Practicing Forgiveness and Comfort in Relationships
Confession and Your Relationship with Him
What makes it easy to confess to someone? Empathy? I'd rather be known than feel shame?
How someone talks to you after you have hurt him can be impactful for future relationships, influencing how you may respond to him, what you believe about being a strong or weak man/woman, and your view of God.
What to do after Forgiving Someone
2nd Corinthians 2:5-11 states, "Now if anyone has caused pain, he has caused it not to me, but in some measure—not to put it too severely—to all of you. 6 For such a one, this punishment by the majority is enough, 7 so you should rather turn to forgive and comfort him, or he may be overwhelmed by excessive sorrow. 8 So I beg you to reaffirm your love for him. 9 For this is why I wrote, that I might test you and know whether you are obedient in everything. 10 Anyone whom you forgive, I also forgive. Indeed, what I have forgiven, if I have forgiven anything, has been for your sake in the presence of Christ, 11 so that we would not be outwitted by Satan; for we are not ignorant of his designs."
Let's say you've been hurt by your friend. He asks for your forgiveness and you forgive him; then you bring up some insecurities to him, thinking these may be tied to why he hurt you.

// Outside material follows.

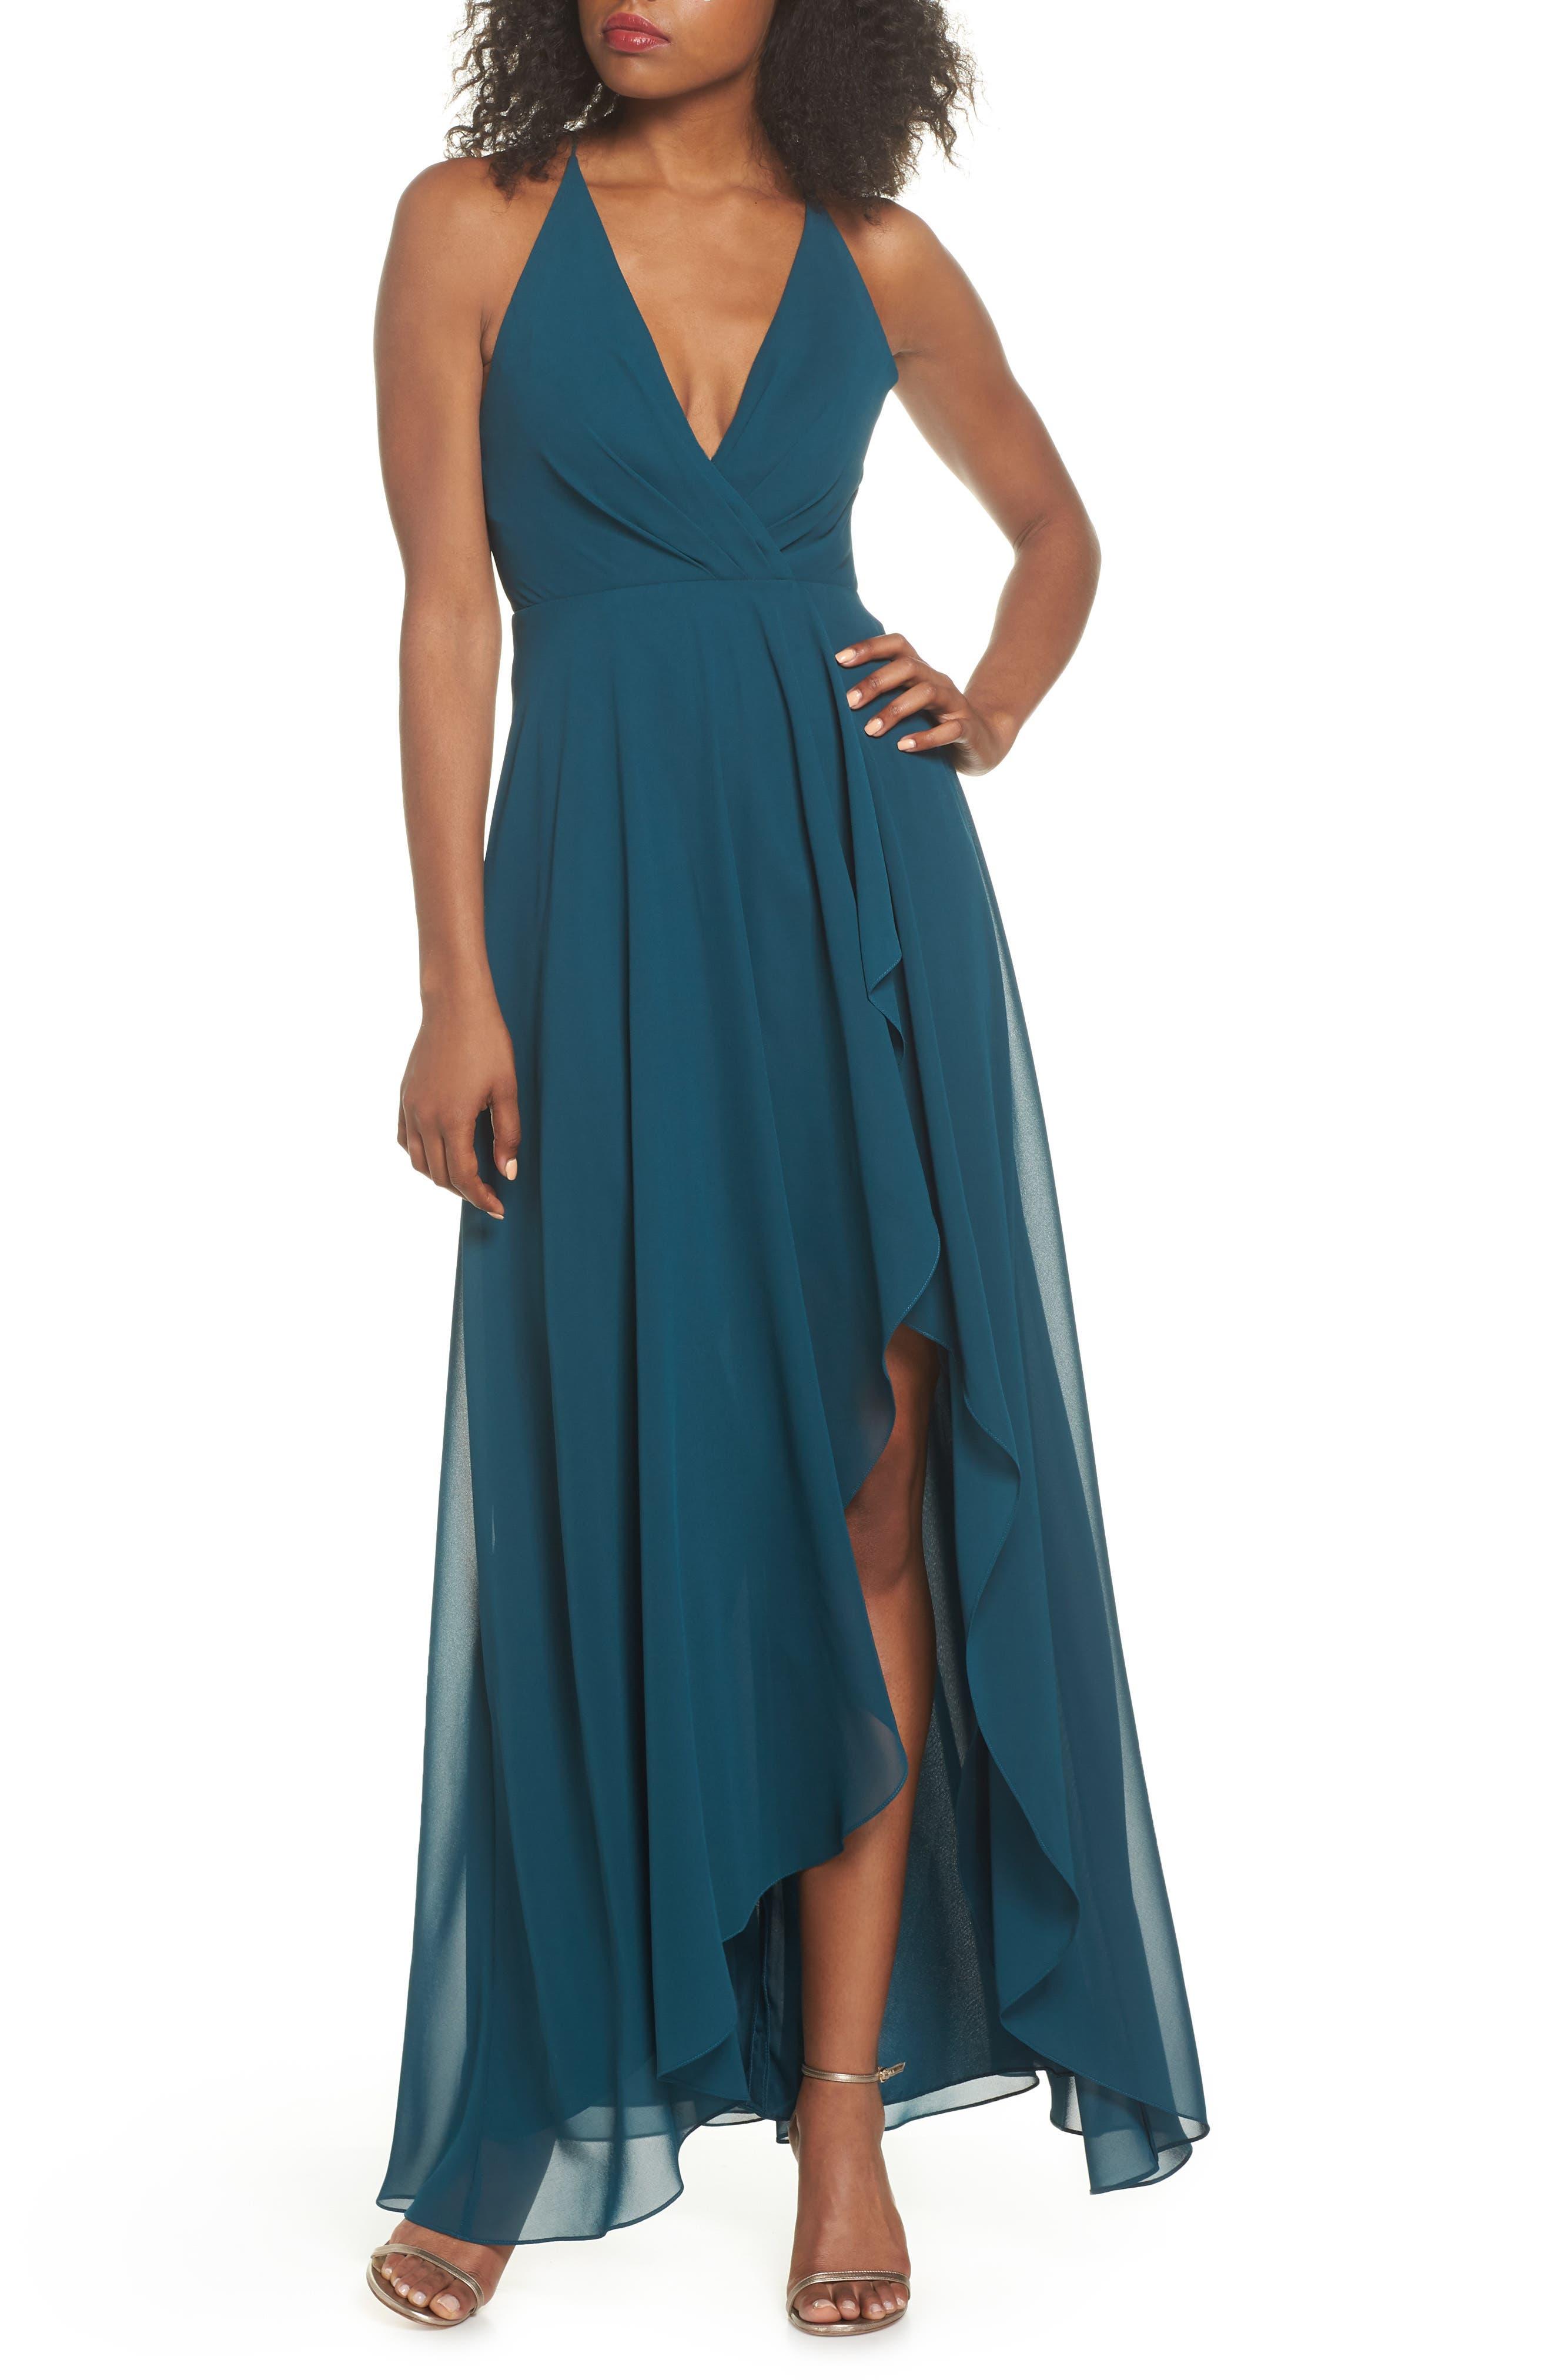 Alternate Image 1 Selected - Jenny Yoo Farrah Ruffle Skirt Chiffon Gown

This is hurtful because instead of forgiving and comforting, you are forgiving and bringing up more. When you do this, you push away the person instead of reconciling.
Forgive Comfort and Love Him
I love what Paul says, "Forgive and comfort him...reaffirm your love for him." Even if you are right about the connection to this person's insecurity, talk to him about it another day. Focus on comforting, more than bringing up more things.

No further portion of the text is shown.